Daryl Gregory (M), Cassandra Rose Clarke, Grá Linnaea, Esther Jones

The Craft of Short Fiction
Saturday 11:00 – 11:45, 300C (CC)

Short fiction is very different from novels, both for readers and writers. A group of writers of short fiction talk about their approaches, and how those approaches differ from how a writer handles longer works.

Eileen Gunn (M), Daryl Gregory, Jack Skillingstead, Eric James Stone, C. C. Finlay

H.P. Lovecraft and Recent Weird Fiction
Saturday 17:00 – 17:45, 300C (CC)

H.P. Lovecraft was considered pretty weird and out there. Who is writing now that is also considered pretty weird and out there?

Elizabeth Bear (M), Ellen Datlow, Daryl Gregory, Sharon King

Reading – Daryl Gregory
Sunday 10:30 – 11:00, 303B (CC)

Wes Craven and SyFy Are Completely Fine

Somebody hands you an envelope of cash and a puppy. The puppy has a 99% of dying in twelve months. This is called a movie option.

But there’s always that one percent, right? I found out last night that Wes Craven is developing a TV show for my novella We Are All Completely Fine.

Wes Craven He’ll be writing the script for the pilot and directing it for the SyFy channel. You can read about it on Deadline Hollywood and elsewhere.

Assuming all goes well–that the script is good and the pilot works, that all the stars align, etc–it will be turned into a TV show. Nice, right?
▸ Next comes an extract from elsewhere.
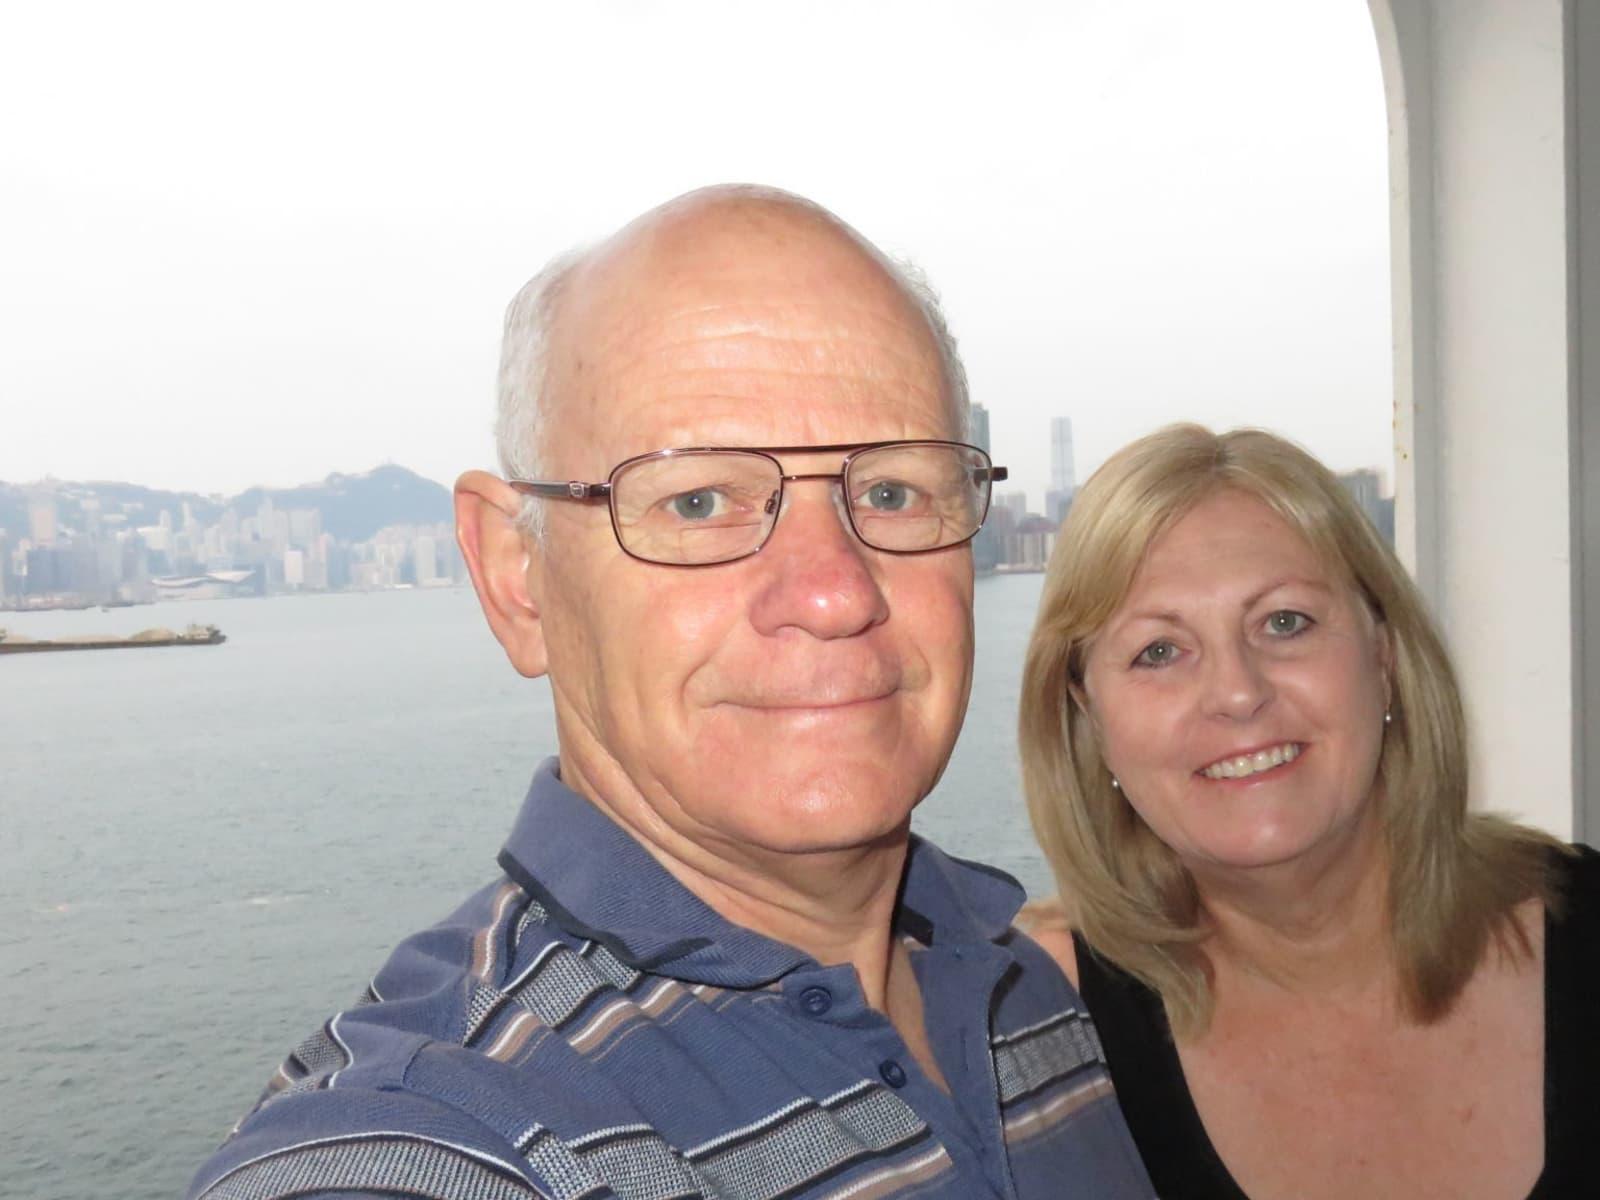 Gary & Angela from Tweed Heads, New South Wales, Australia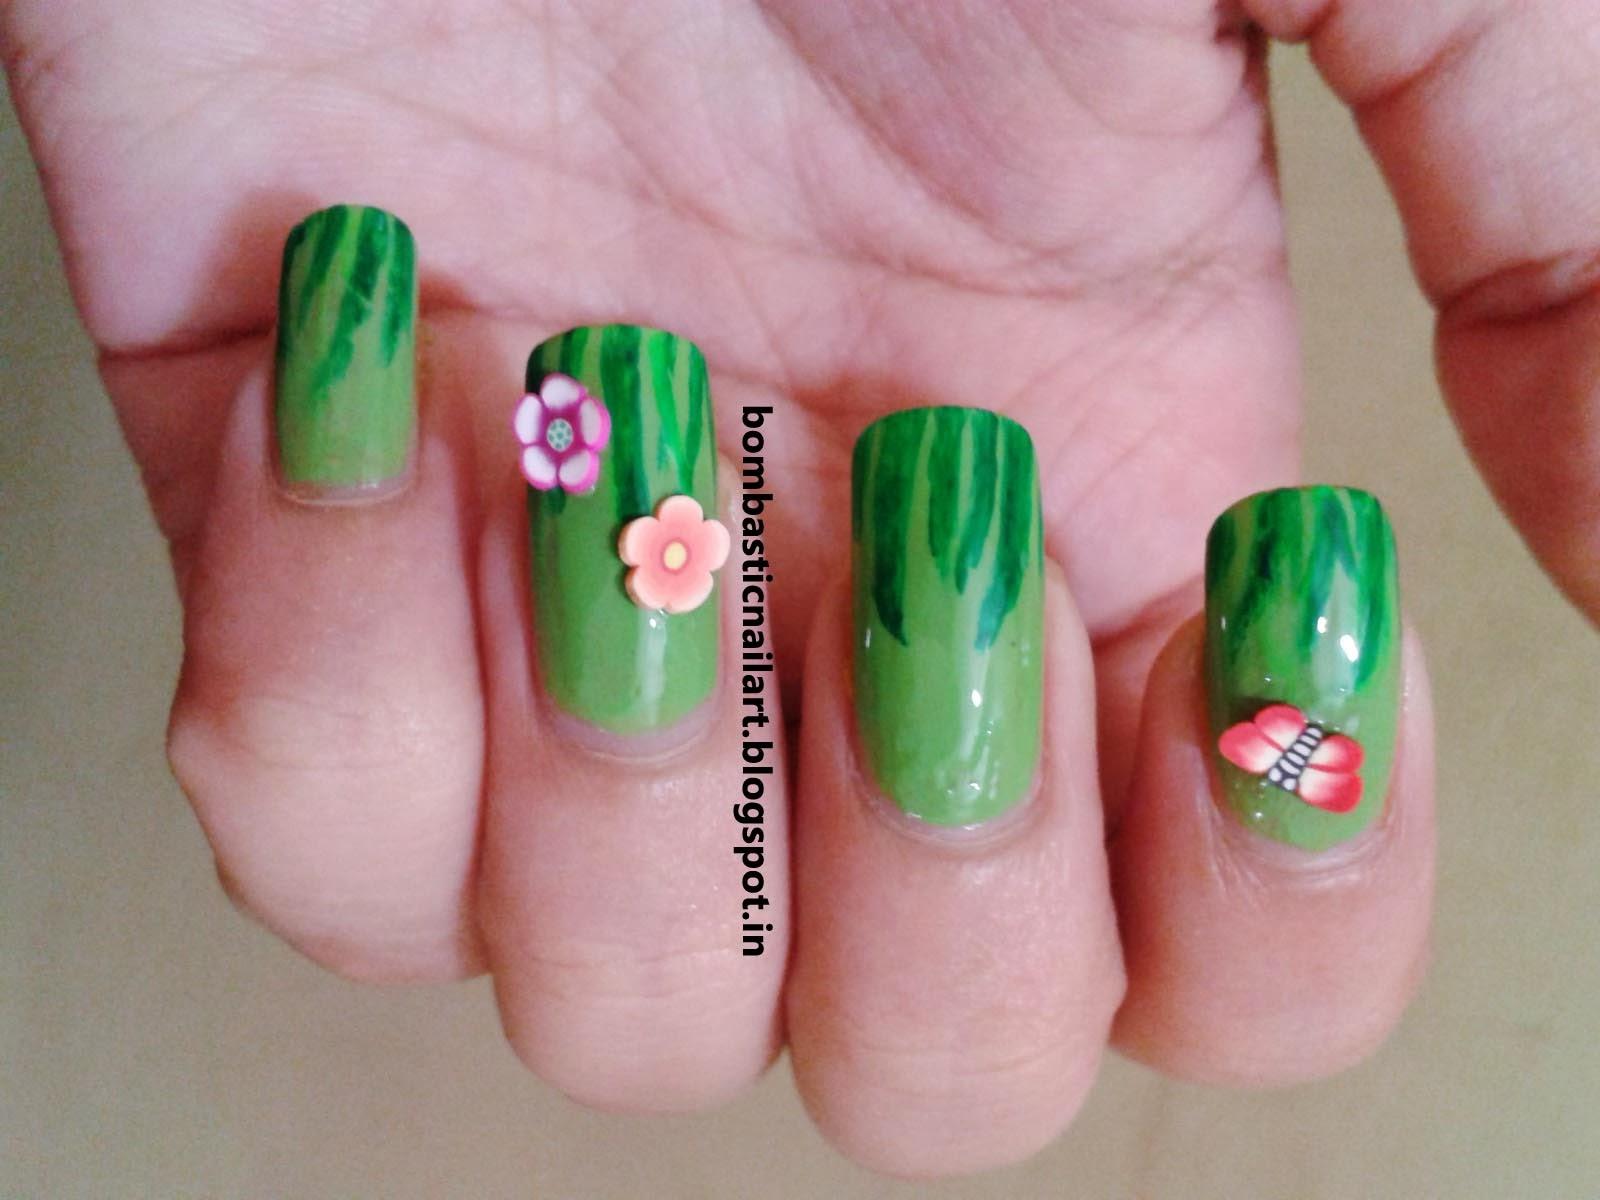 Day 4: Grassy Green Nails – Bombastic Nail Art

But there are many hoops to jump through, and it may turn out that no show is made at all.

But I will say that I’m cautiously optimistic, and I’m thinking about naming the puppy.

Harrison Squared Tour: The Aftermath

Oh citizens of America, I had such a good time on the Harrison Squared tour. I’m thankful for the people who came out, and the booksellers who hosted.

Here are a few related pics of my travels from State College to Pittsburgh to Atlanta, and then to Lexington and Knoxville. Let’s do this again sometime.